William A. Galston holds the Ezra 1000. Zilkha Chair in the Brookings Institution'due south Governance Studies Program, where he serves as a Senior Fellow. Prior to January 2006 he was the Saul Stern Professor and Acting Dean at the School of Public Policy, University of Maryland, managing director of the Institute for Philosophy and Public Policy, founding director of the Center for Data and Research on Civic Learning and Engagement (Circle), and executive director of the National Committee on Civic Renewal. A participant in half-dozen presidential campaigns, he served from 1993 to 1995 as Deputy Assistant to President Clinton for Domestic Policy. Galston is the author of ten books and more than than 100 articles in the fields of political theory, public policy, and American politics. His most contempo books areAnti-Pluralism: The Populist Threat to Liberal Democracy(Yale, 2018),Public Matters (Rowman & Littlefield, 2005), andThe Practice of Liberal Pluralism (Cambridge, 2004). A winner of the American Political Scientific discipline Association'southward Hubert H. Humphrey award, he was elected to the American University of Arts and Sciences in 2004. He writes a weekly column for the Wall Street Periodical.

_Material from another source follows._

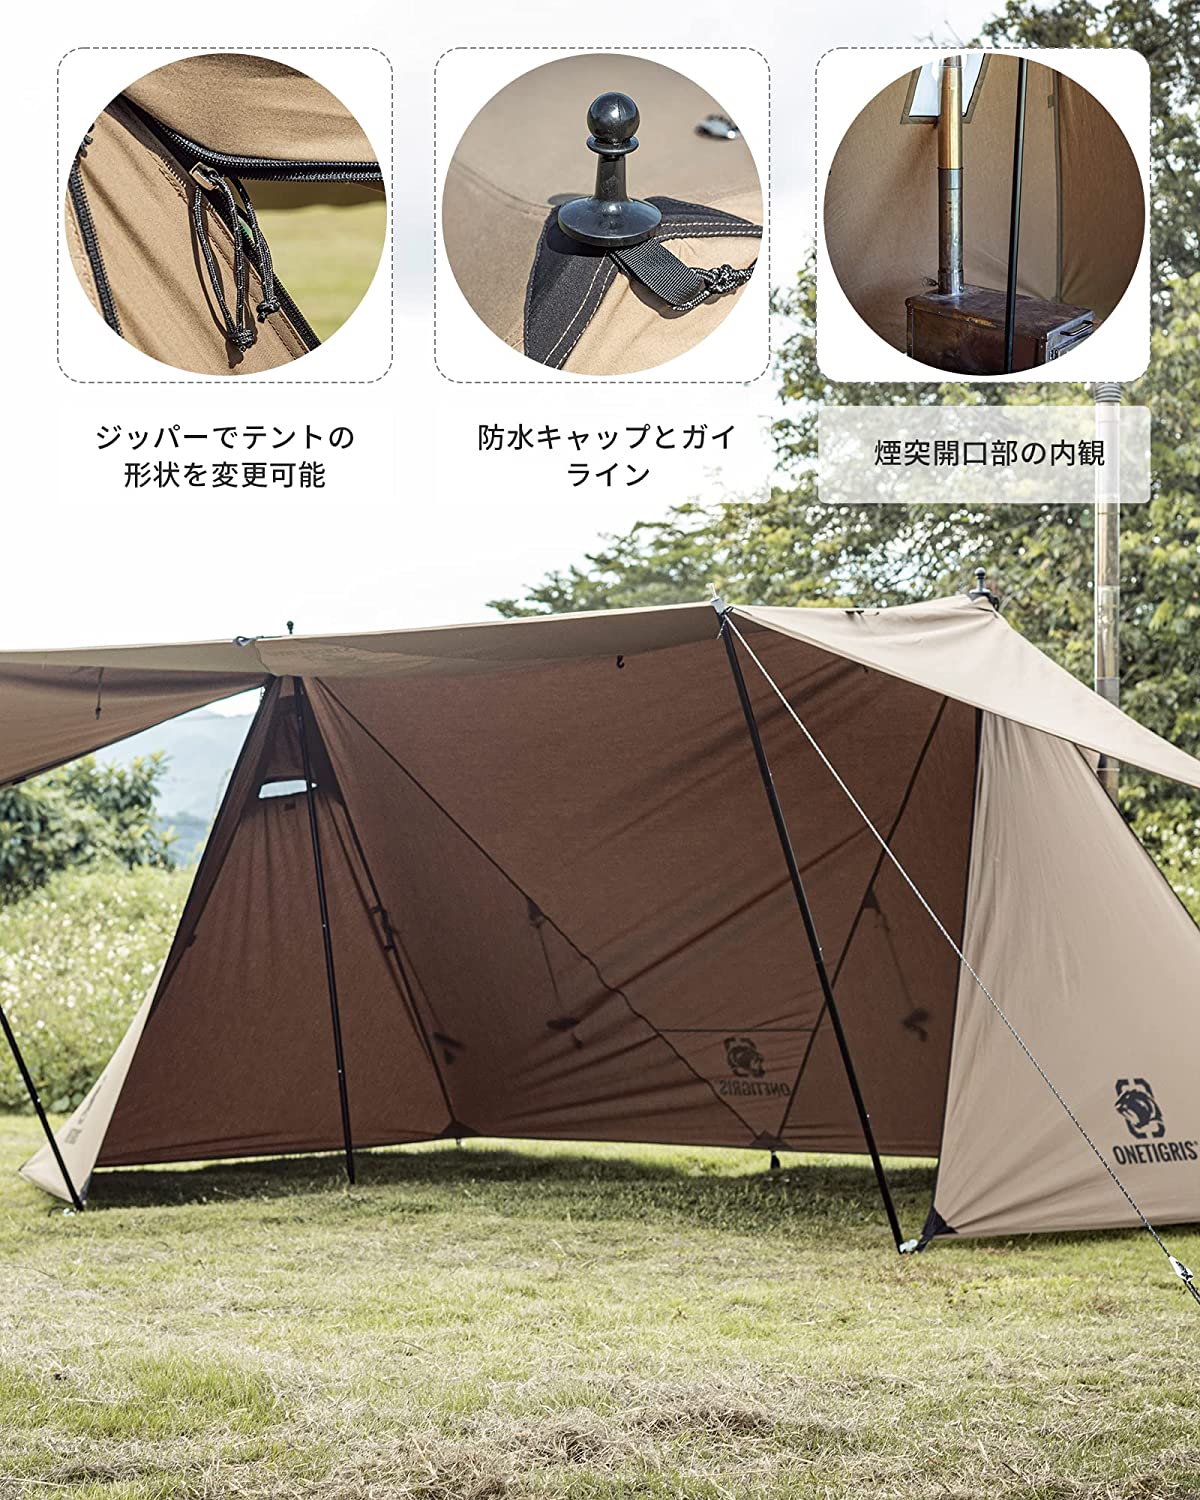 OneTigris ROC SHIELD-tent1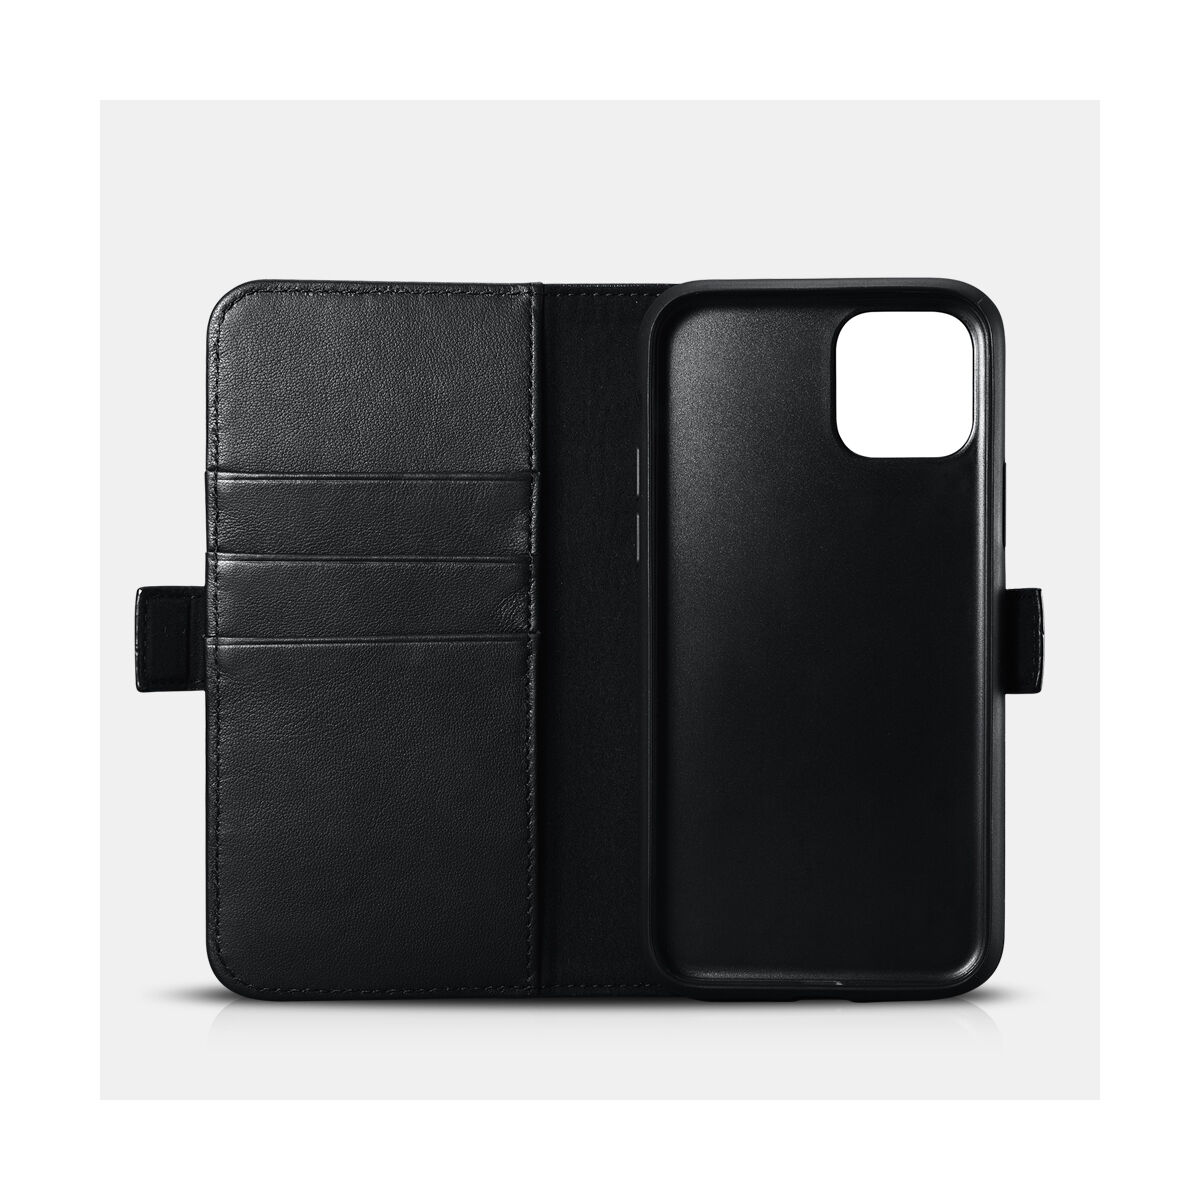 iCarer iPhone 11 Pro Max tok, Nappa Bőr Levehető 2-in-1 pénztárcatok, levehető kártyatartóval, fekete

Elaine C. Kamarck is a Senior Young man in the Governance Studies program likewise equally the Managing director of the Center for Constructive Public Management at the Brookings Establishment. She is an expert on American balloter politics and regime innovation and reform in the United states, OECD nations, and developing countries. Kamarck is the author of "Primary Politics: Everything You lot Need to Know about How America Nominates Its Presidential Candidates" and "Why Presidents Fail And How They Can Succeed Over again." Kamarck is too a Lecturer in Public Policy at the Harvard Kennedy Schoolhouse of Government. She served in the White Firm from 1993 to 1997, where she created and managed the Clinton Administration's National Performance Review, also known as the "reinventing government initiative." Kamarck conducts research on the American presidency, American politics, the presidential nominating process and government reform and innovation.


The Brookings Institution is a nonprofit organization devoted to independent enquiry and policy solutions. Its mission is to conduct high-quality, independent research and, based on that inquiry, to provide innovative, practical recommendations for policymakers and the public. The conclusions and recommendations of any Brookings publication are solely those of its author(s), and do not reflect the views of the Institution, its management, or its other scholars.

Amazon, BlackRock, and Google provide general, unrestricted funding to the Institution. The findings, interpretations, and conclusions in this written report are non influenced by whatever donation. Brookings recognizes that the value it provides is in its absolute delivery to quality, independence, and impact. Activities supported by its donors reflect this delivery.